**BRIEF**
From the first line of the data down to and including the line with "a little girl", copy everything exactly, leaving out pictures.

*** PROVIDED DATA ***

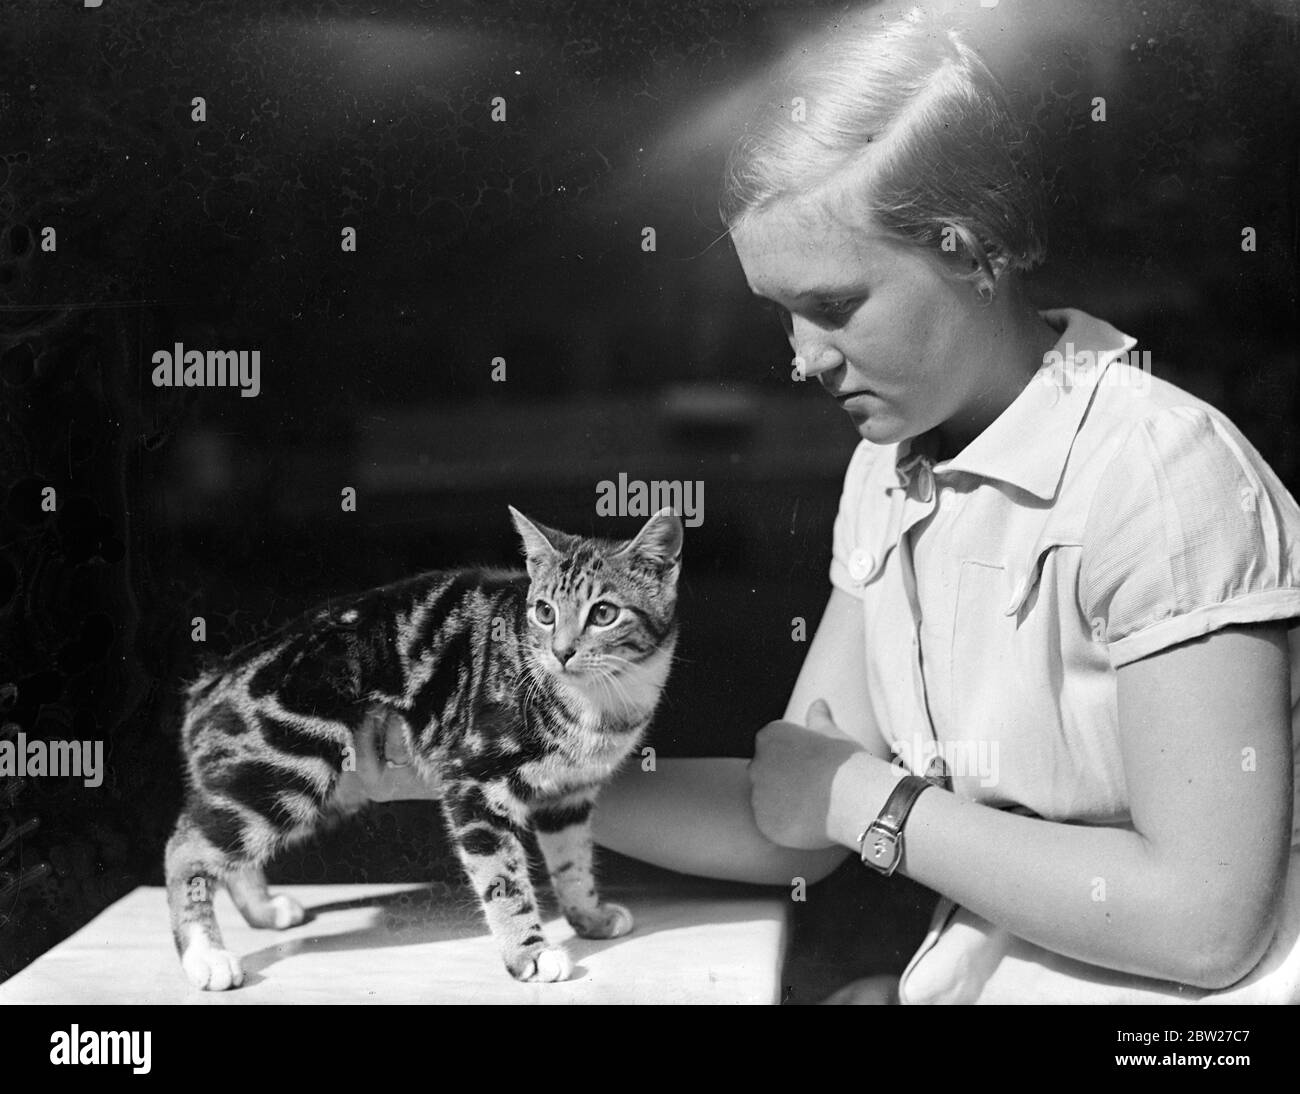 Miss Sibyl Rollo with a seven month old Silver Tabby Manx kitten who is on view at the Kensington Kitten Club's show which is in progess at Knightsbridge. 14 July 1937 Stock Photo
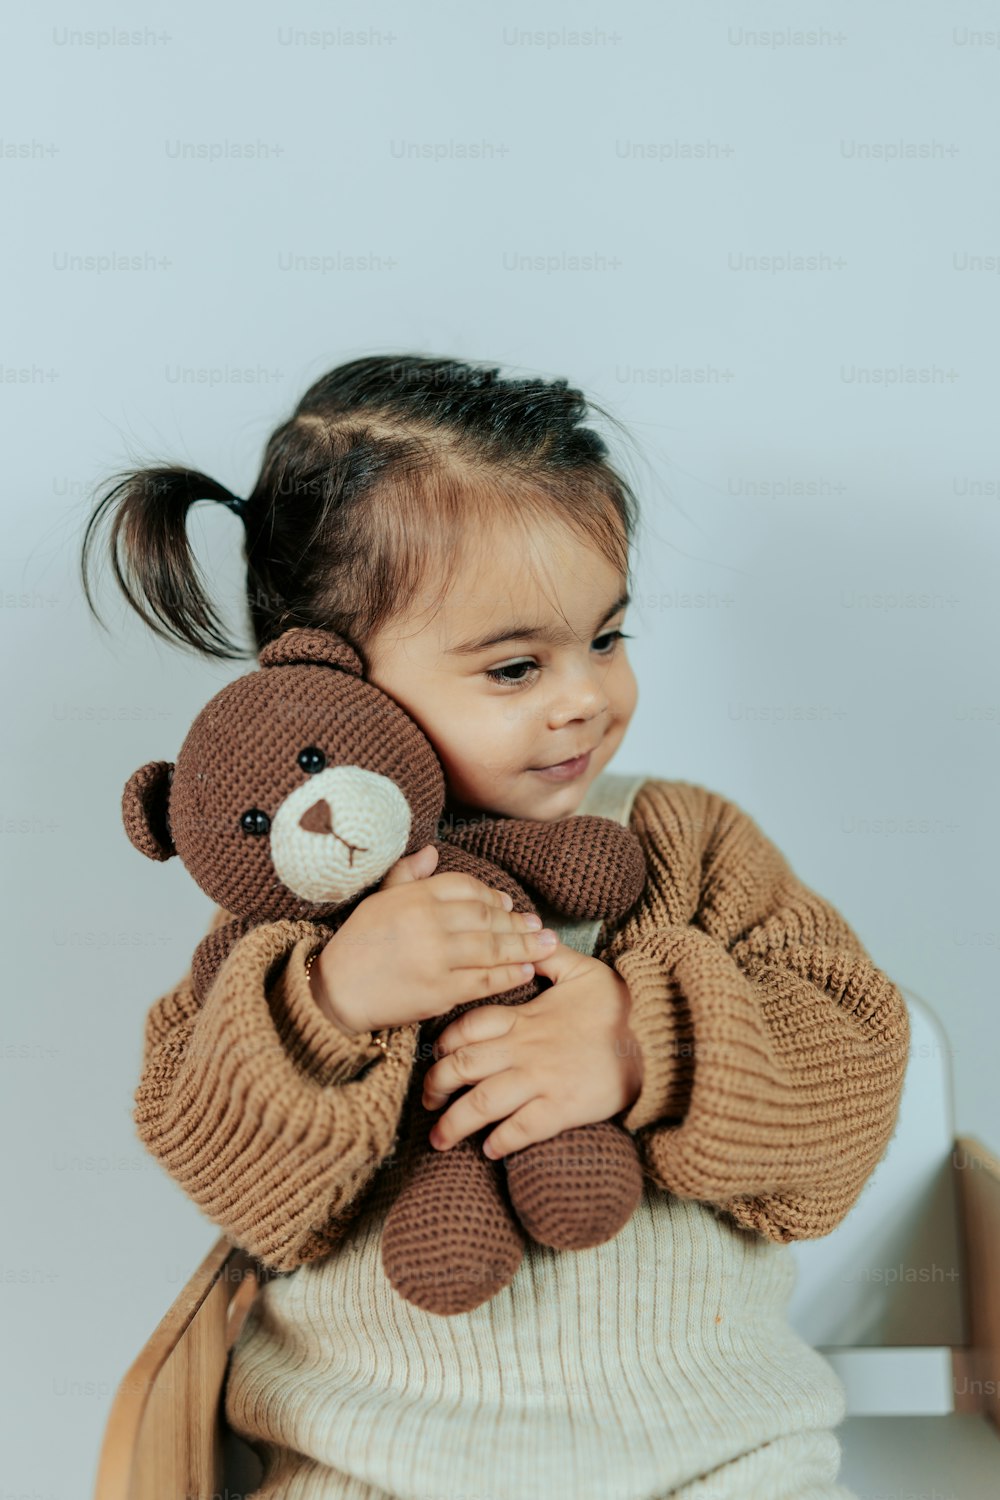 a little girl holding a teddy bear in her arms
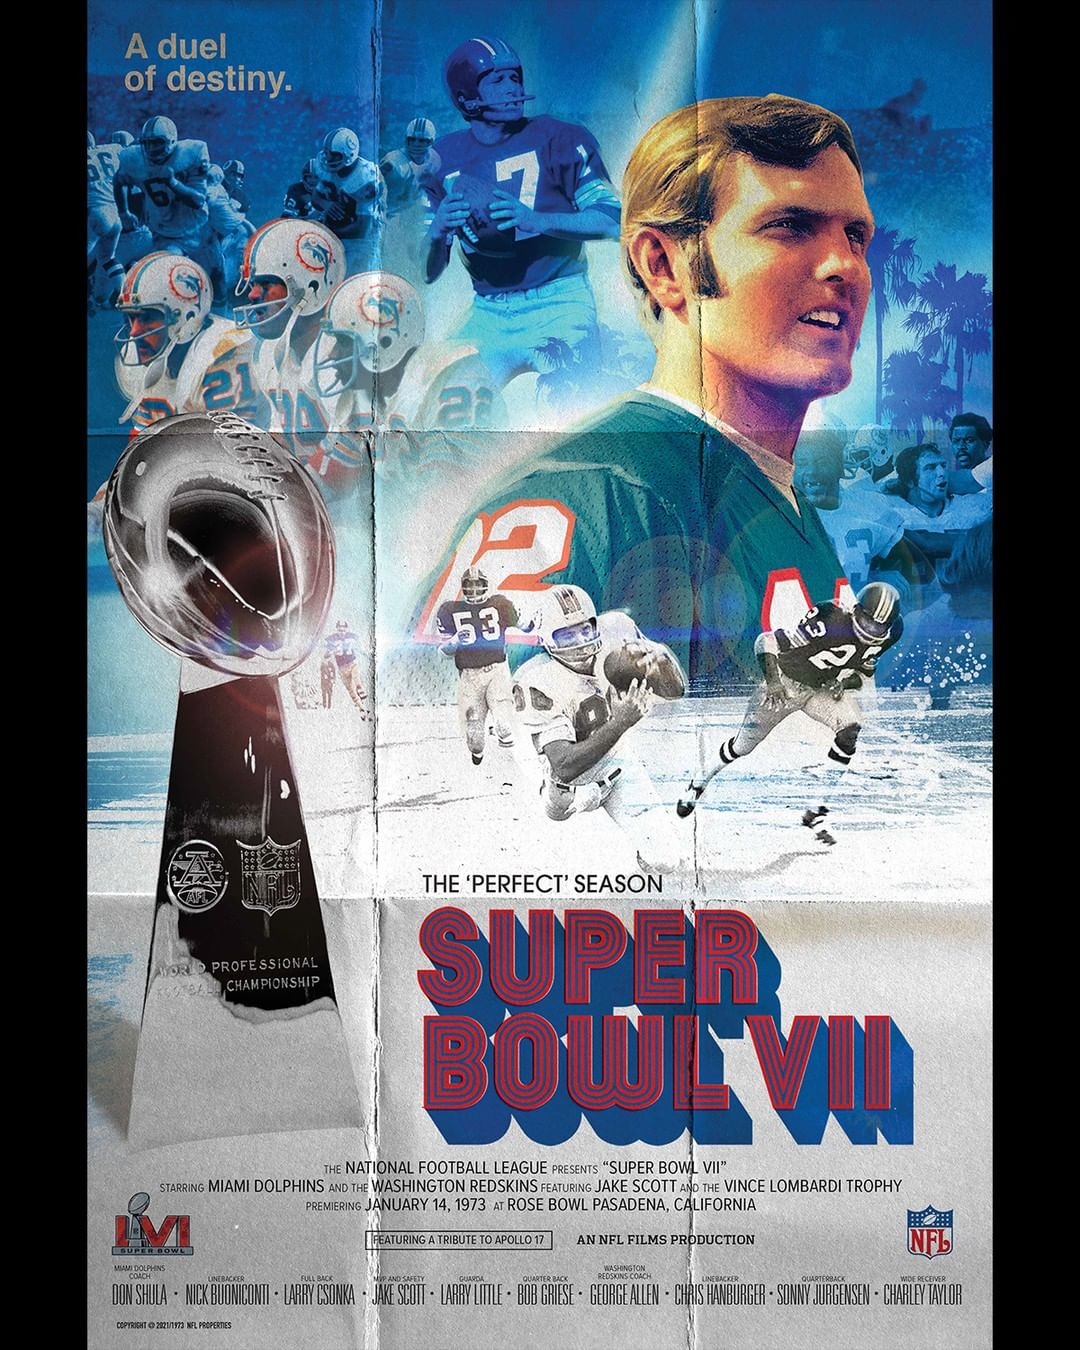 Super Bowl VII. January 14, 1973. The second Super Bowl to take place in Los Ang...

*** End of PROVIDED DATA ***

**RESPONSE TO THIS TASK**
 Miss Sibyl Rollo with a seven month old Silver Tabby Manx kitten who is on view at the Kensington Kitten Club's show which is in progess at Knightsbridge. 14 July 1937 Stock Photo
 a little girl holding a teddy bear in her arms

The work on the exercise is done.